_DESCRIPTION OF THE TASK:_ From the records below, output exactly the lines starting at the line with "The Egungu masquerade" and ending at the line with "Glenlivet 52 Jahre", both of them included, but no pictures.

_RAW DATA:_
- - - -
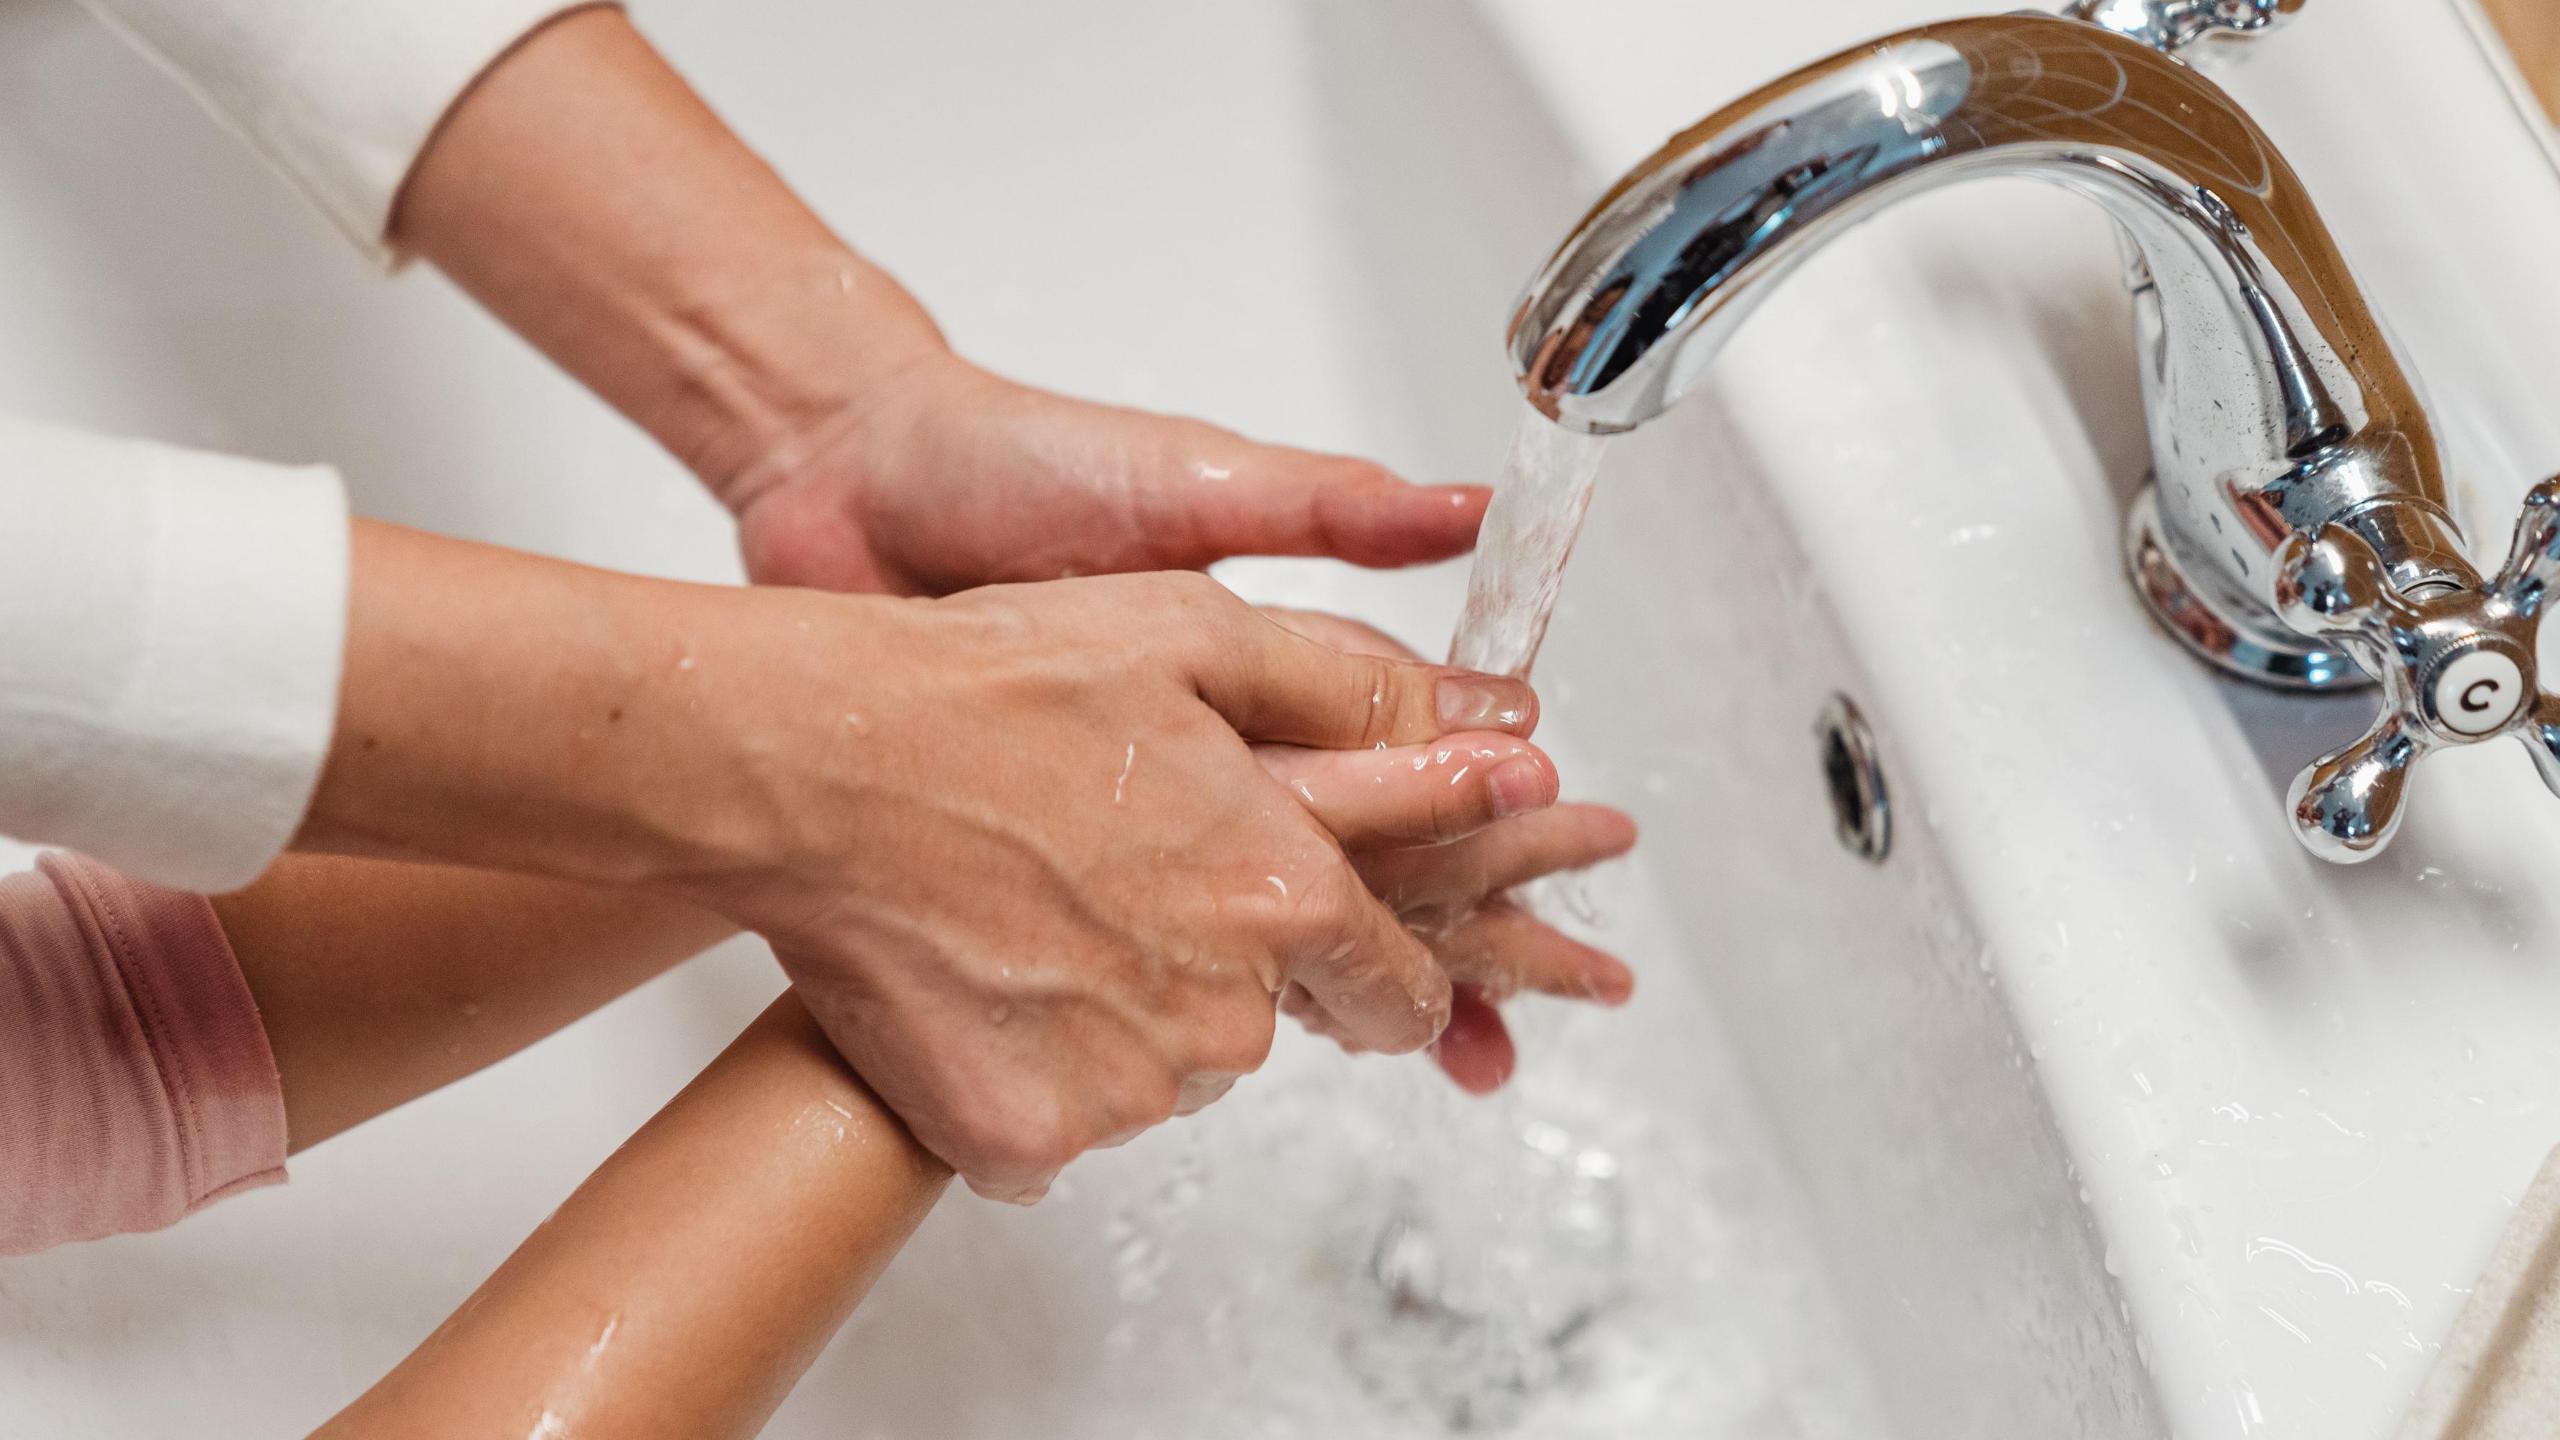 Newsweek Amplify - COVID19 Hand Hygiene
- - - -
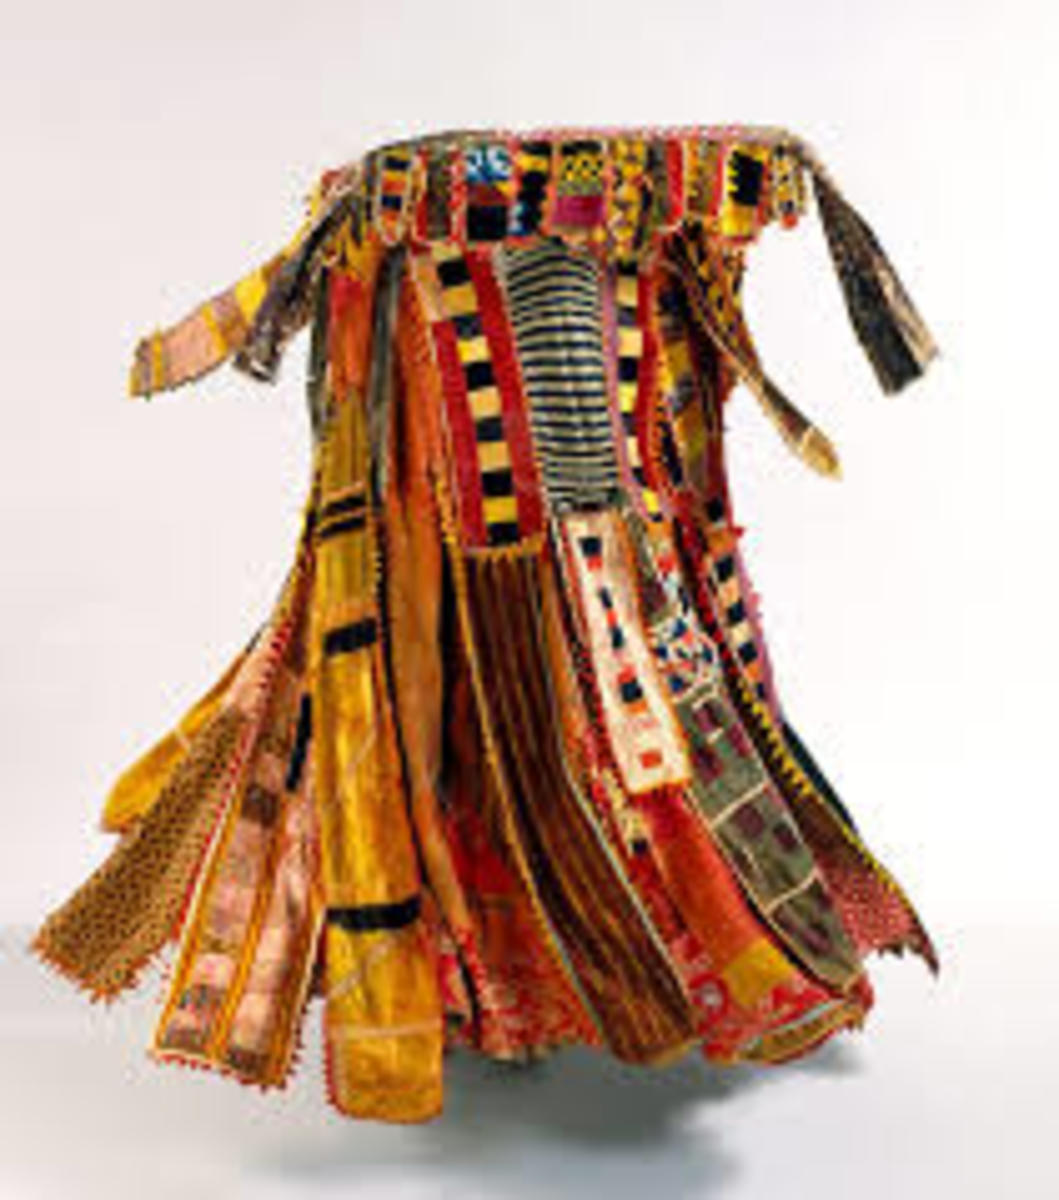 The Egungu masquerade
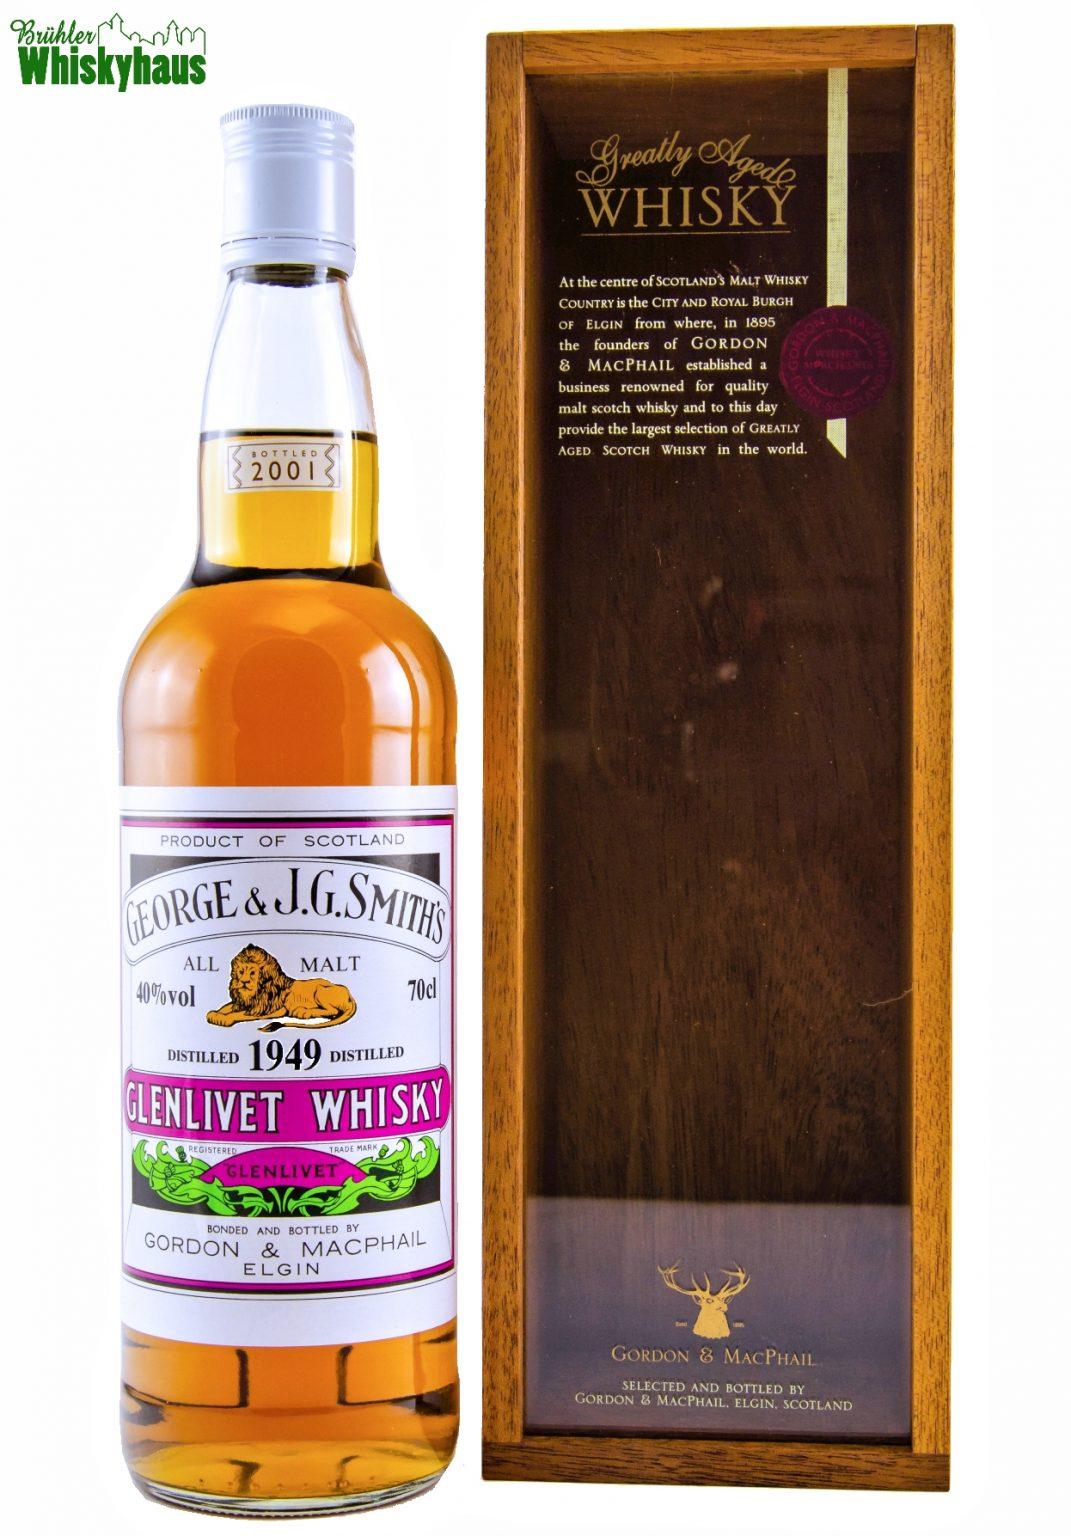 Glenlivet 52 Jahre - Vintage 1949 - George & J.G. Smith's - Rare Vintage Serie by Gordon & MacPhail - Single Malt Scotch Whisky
- - - -
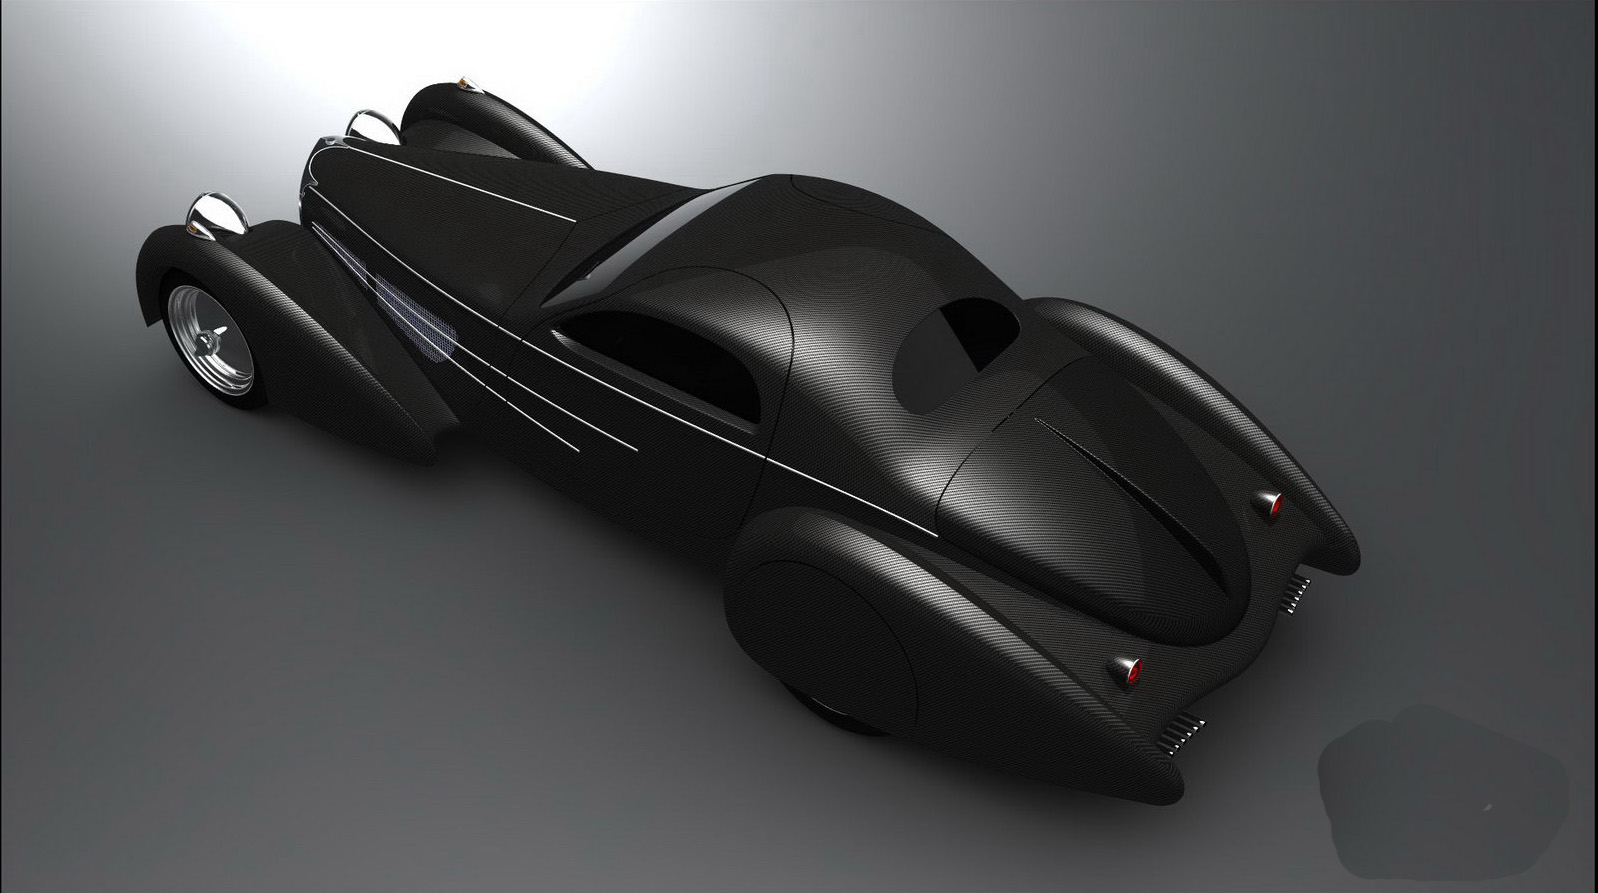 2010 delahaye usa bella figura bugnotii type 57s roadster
- - - -
_OUTPUT OF THE TASK:_
 The Egungu masquerade
 Glenlivet 52 Jahre - Vintage 1949 - George & J.G. Smith's - Rare Vintage Serie by Gordon & MacPhail - Single Malt Scotch Whisky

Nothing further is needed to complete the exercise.